- AVAILABLE DATA -
[Start of Attachment]

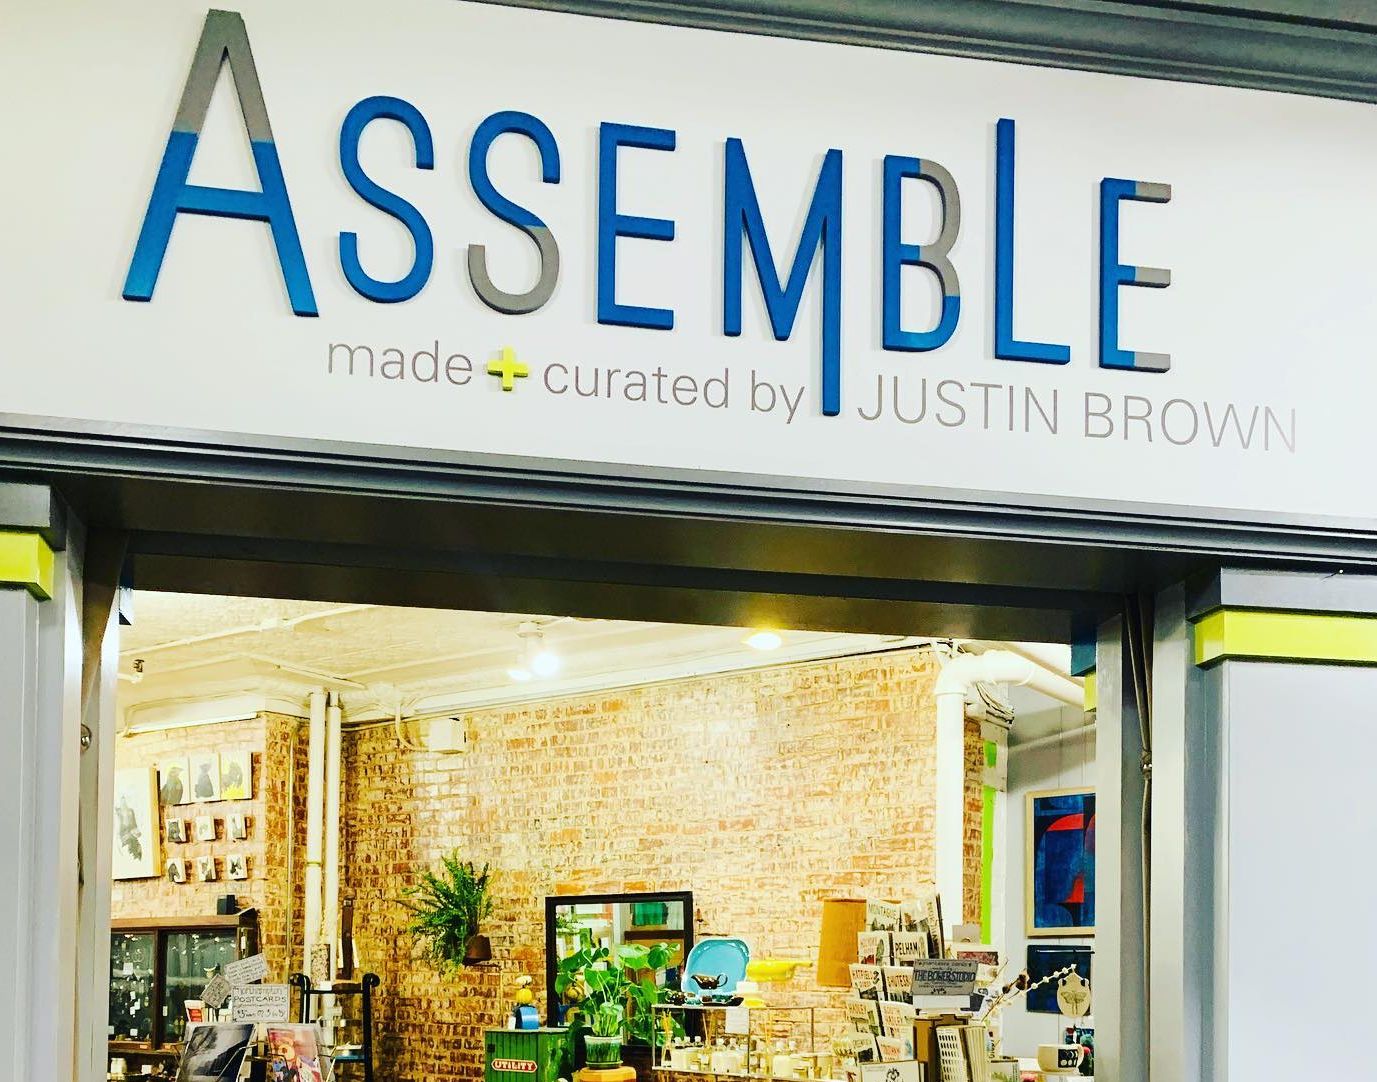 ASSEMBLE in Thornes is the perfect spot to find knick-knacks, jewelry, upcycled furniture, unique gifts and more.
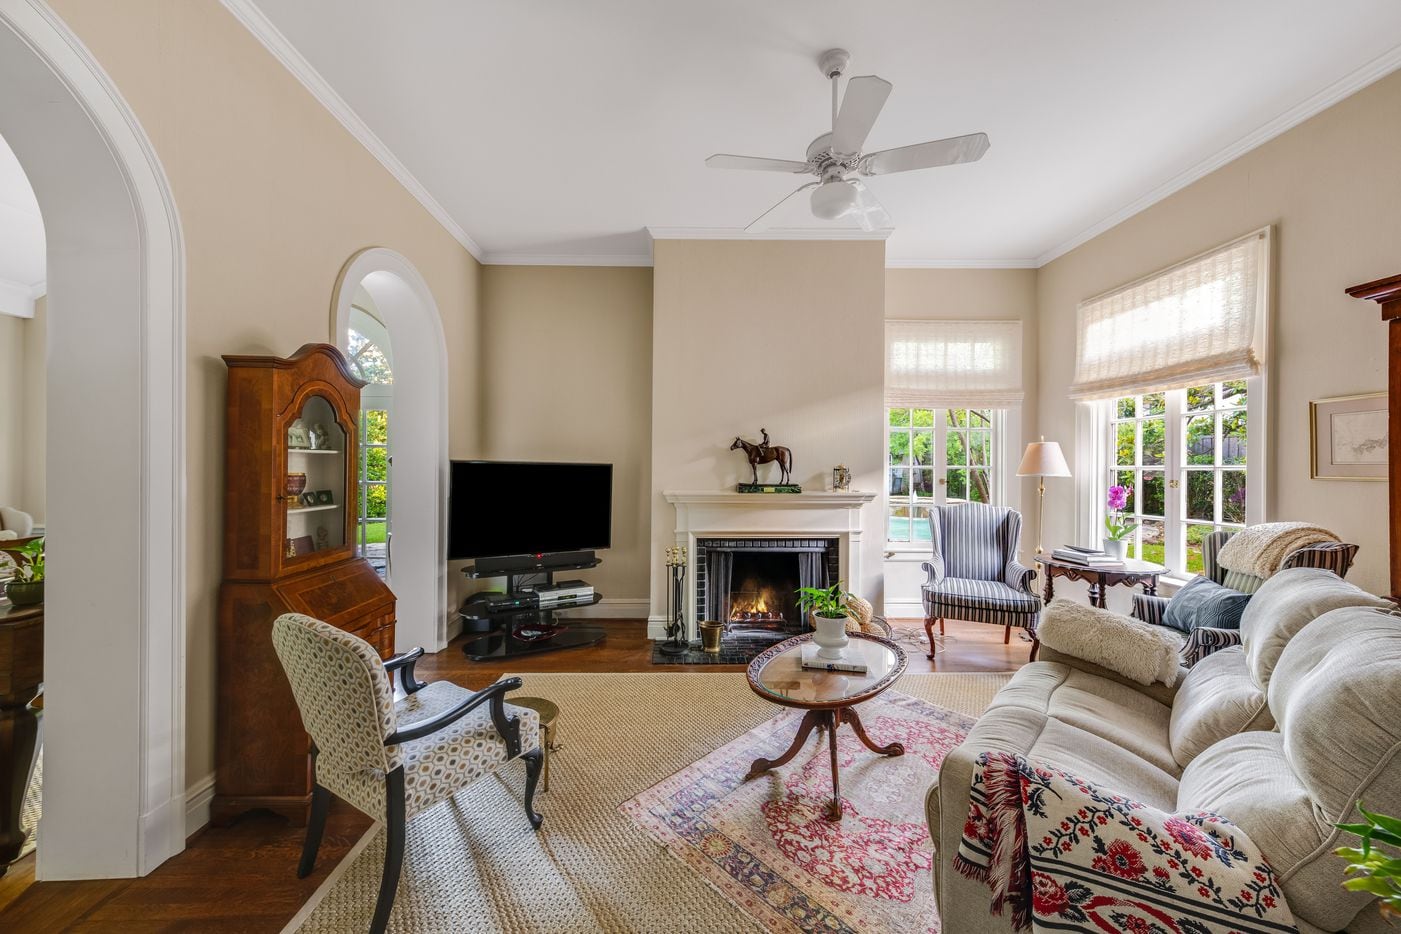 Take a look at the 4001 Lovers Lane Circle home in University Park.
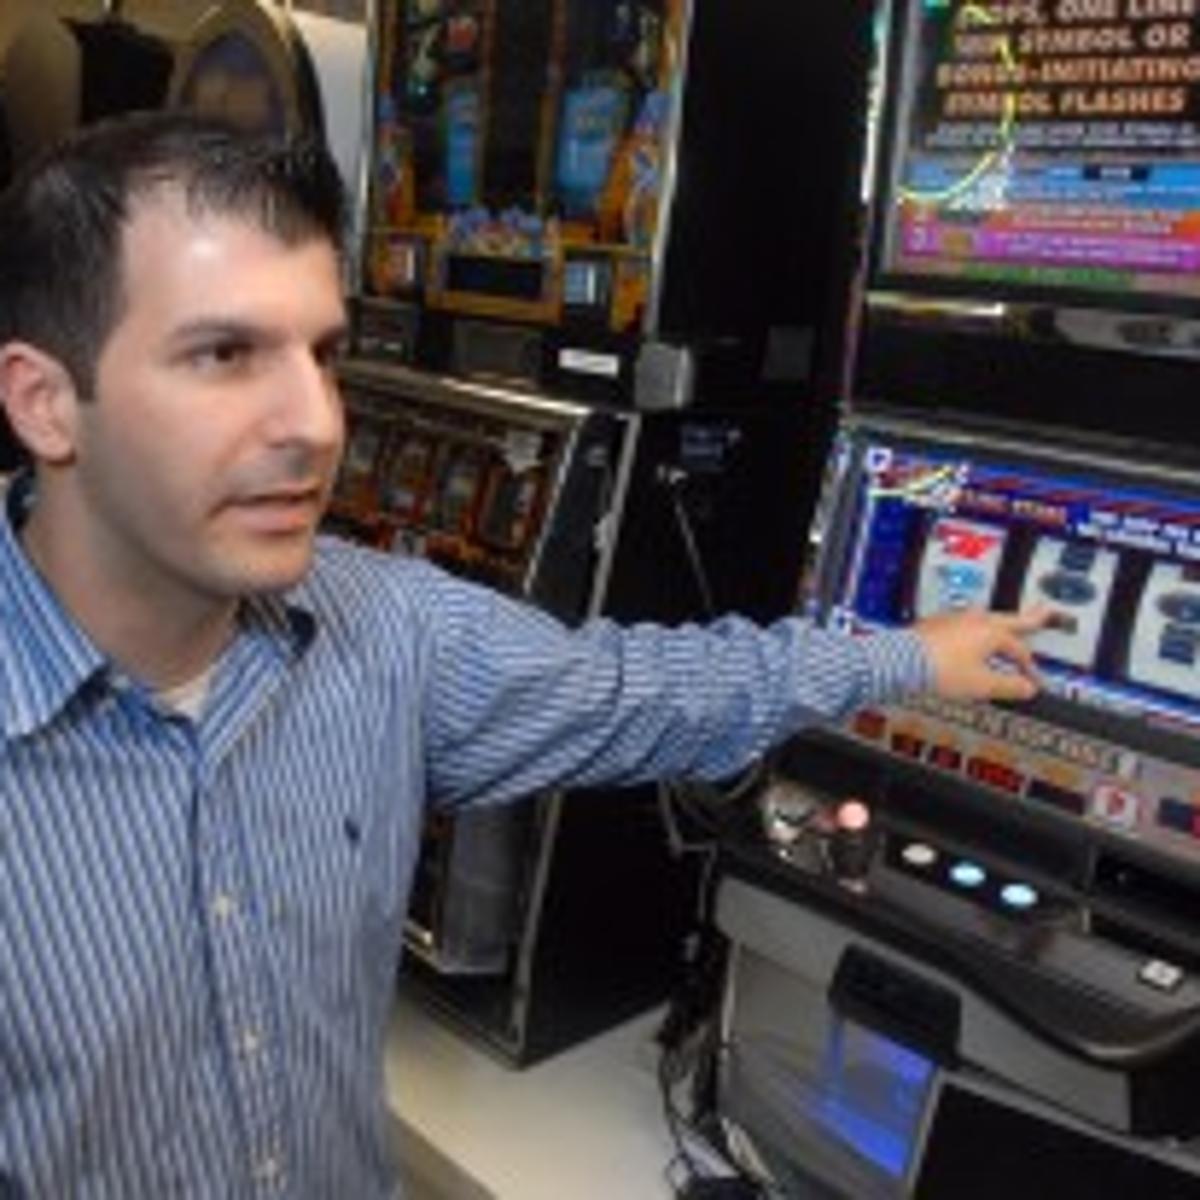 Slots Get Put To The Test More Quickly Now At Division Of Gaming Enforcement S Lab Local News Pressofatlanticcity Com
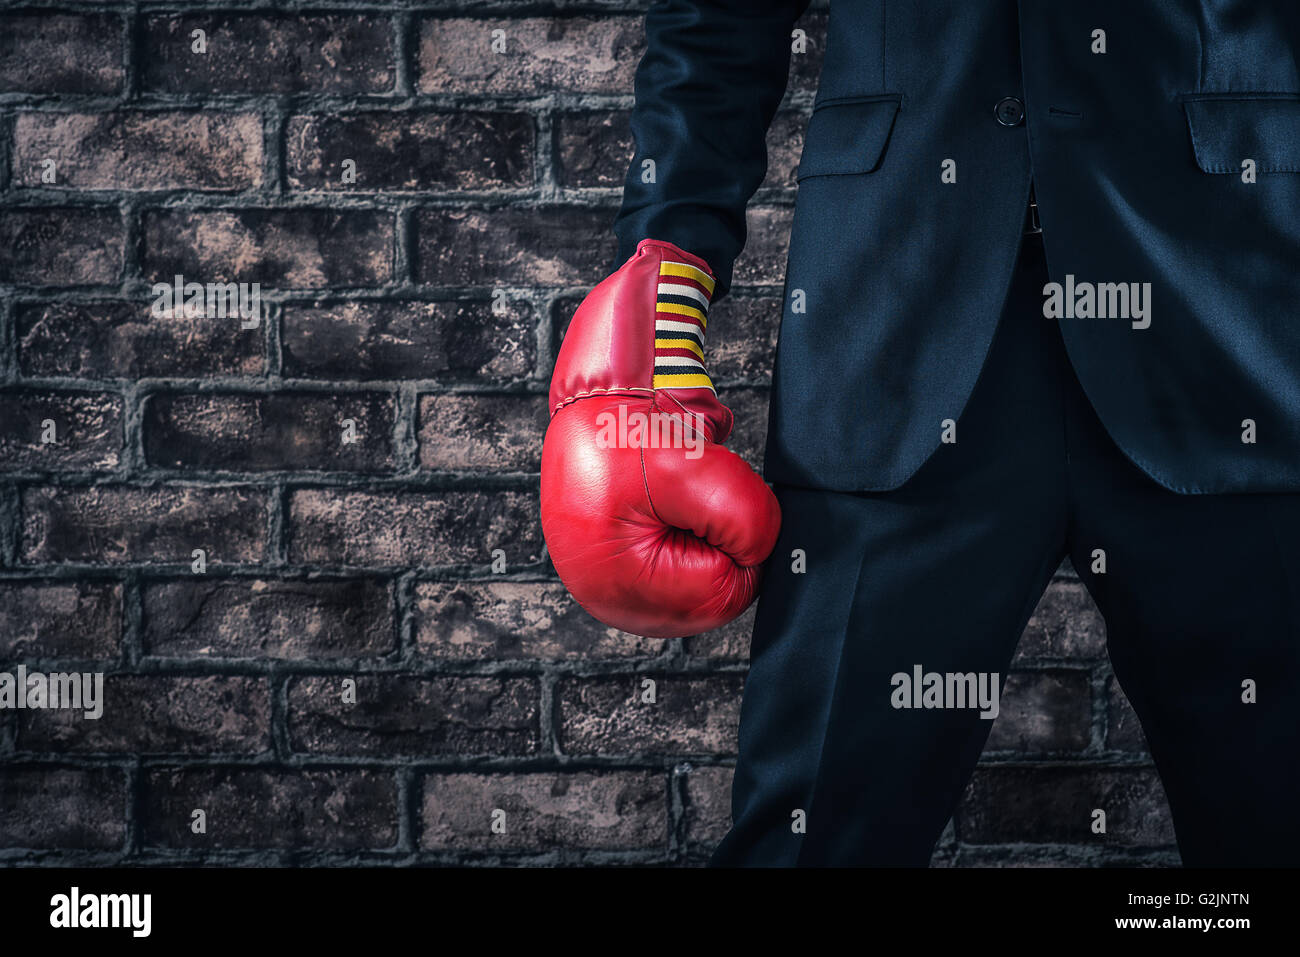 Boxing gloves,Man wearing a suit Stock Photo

[End of Attachment]

Could you restate the material word for word, omitting the pictures?

 ASSEMBLE in Thornes is the perfect spot to find knick-knacks, jewelry, upcycled furniture, unique gifts and more.
 Take a look at the 4001 Lovers Lane Circle home in University Park.
 Slots Get Put To The Test More Quickly Now At Division Of Gaming Enforcement S Lab Local News Pressofatlanticcity Com
 Boxing gloves,Man wearing a suit Stock Photo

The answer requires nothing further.